▶ **Dataset section**:
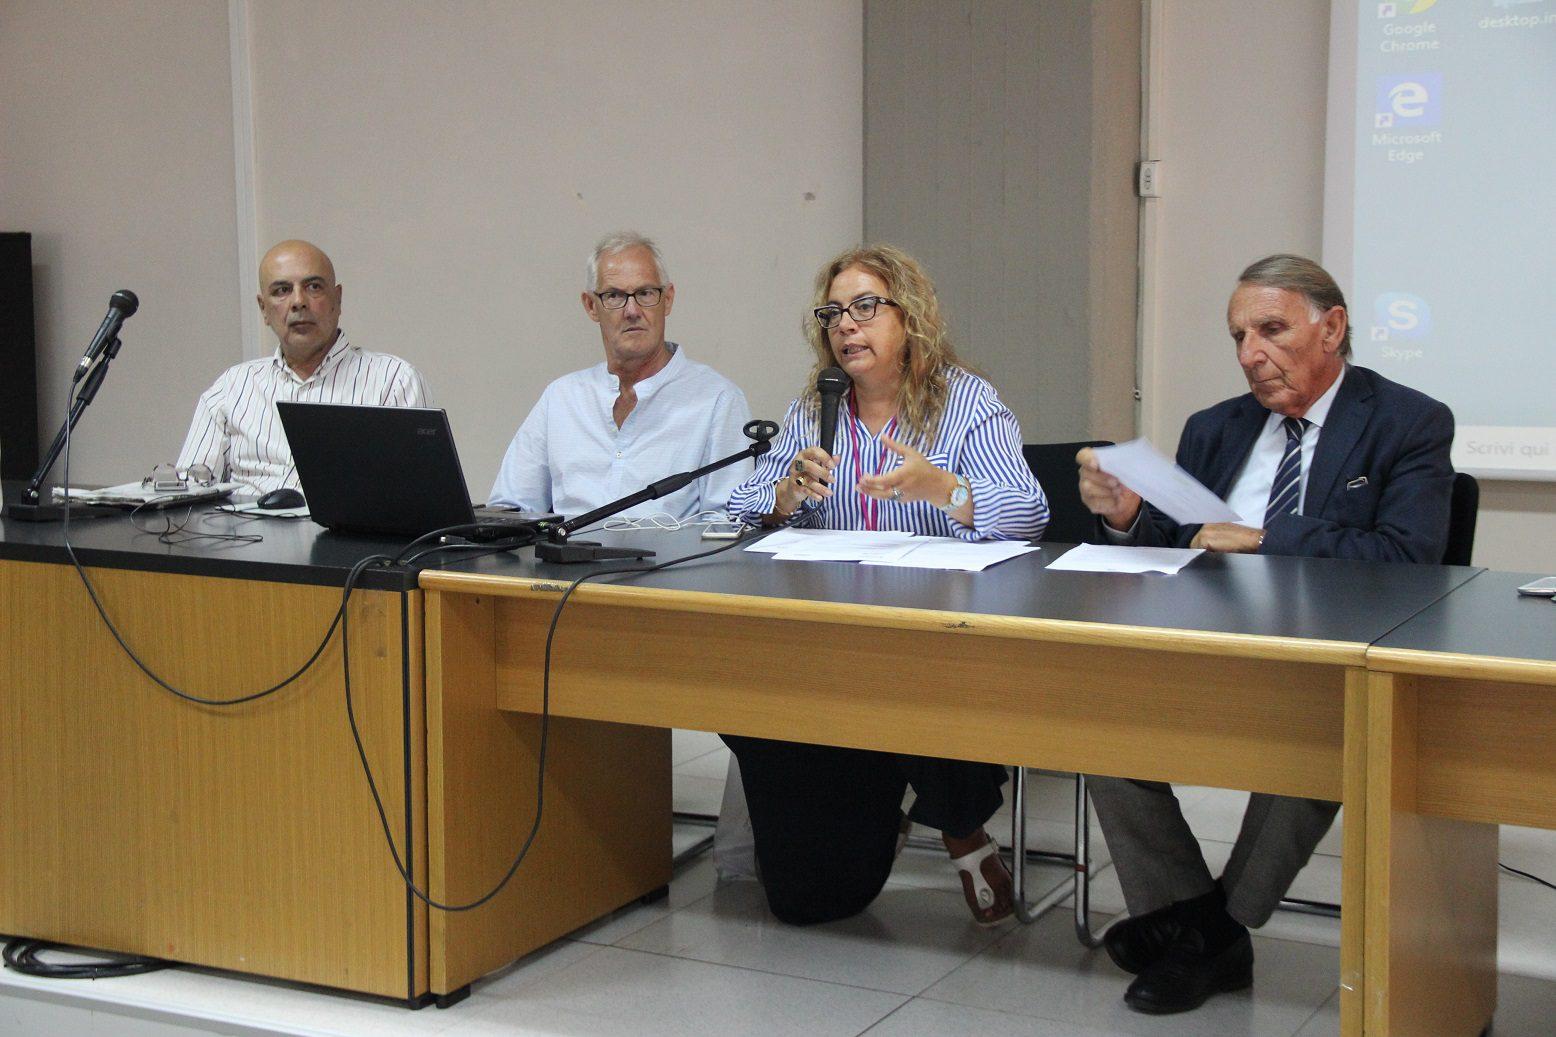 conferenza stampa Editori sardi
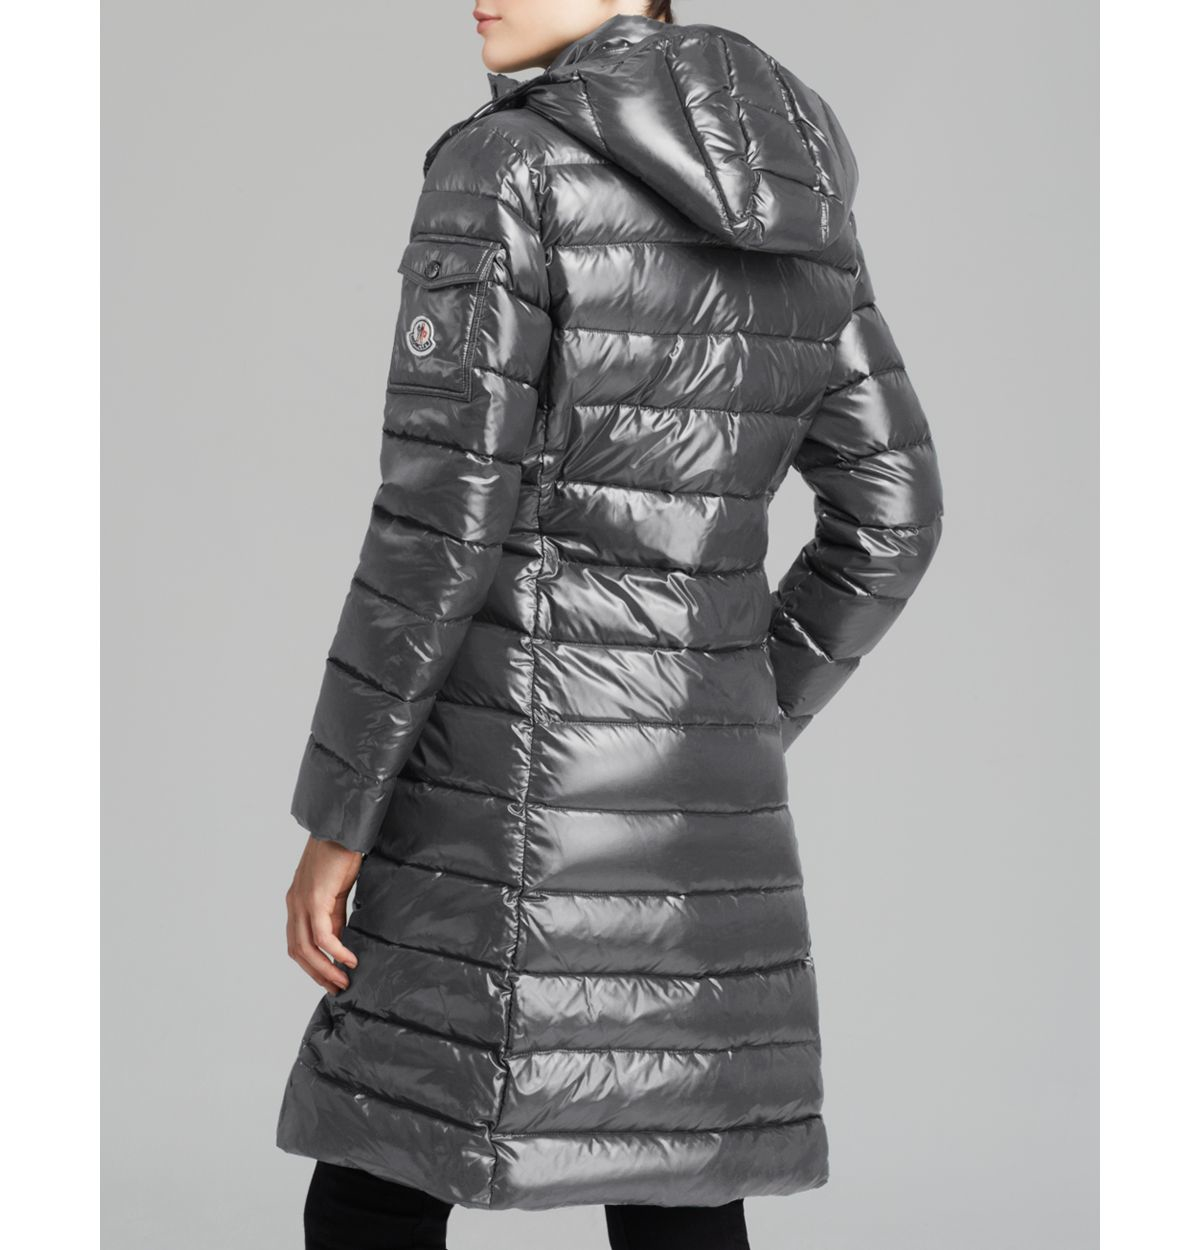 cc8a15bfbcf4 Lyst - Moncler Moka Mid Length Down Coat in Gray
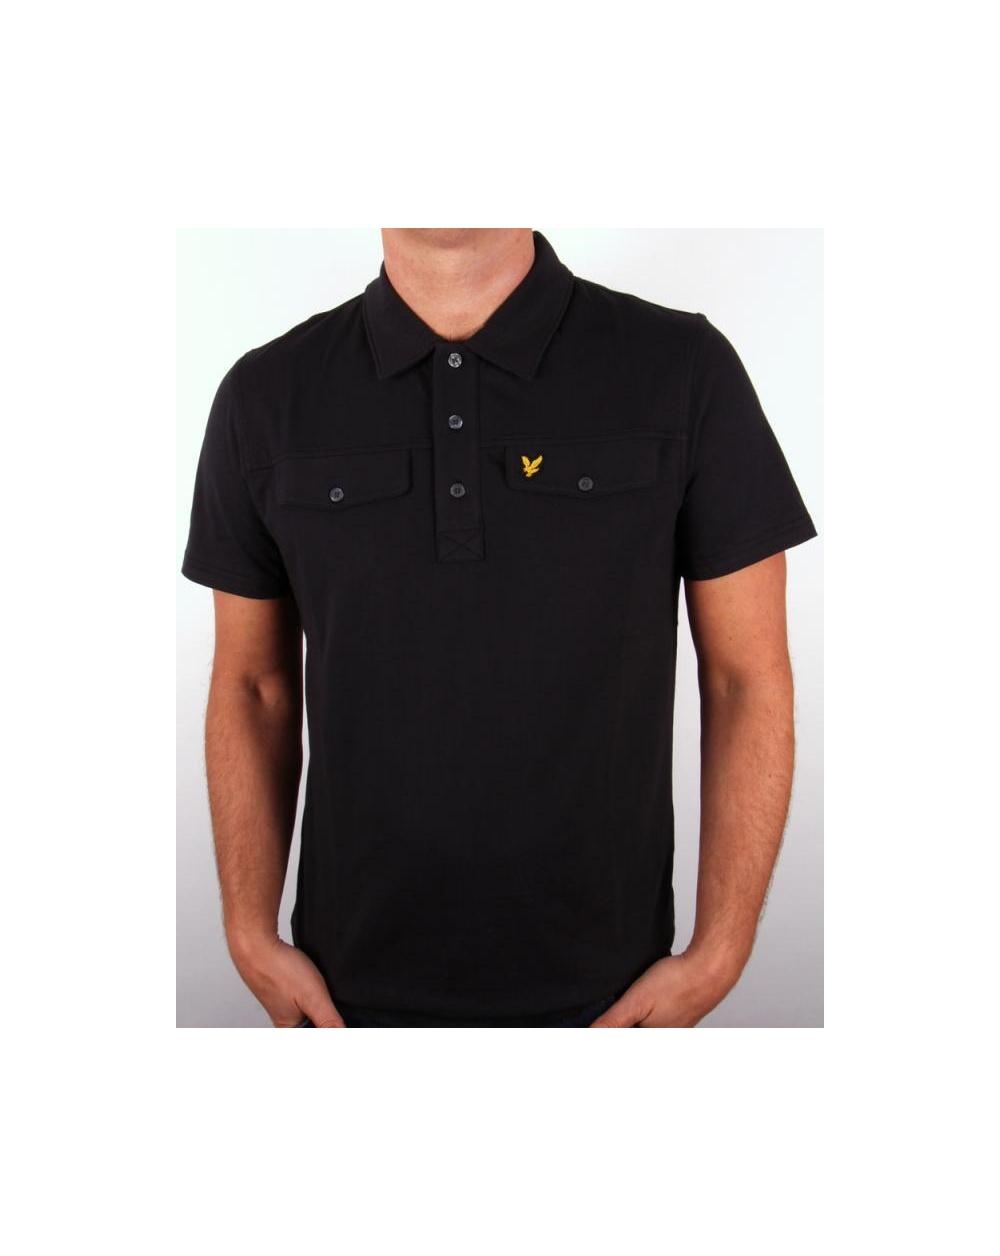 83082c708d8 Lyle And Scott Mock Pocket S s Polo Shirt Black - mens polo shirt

▶ **Work request**: Give back the material word for word, without images.

▶ **Answer space**:
 conferenza stampa Editori sardi
 cc8a15bfbcf4 Lyst - Moncler Moka Mid Length Down Coat in Gray
 83082c708d8 Lyle And Scott Mock Pocket S s Polo Shirt Black - mens polo shirt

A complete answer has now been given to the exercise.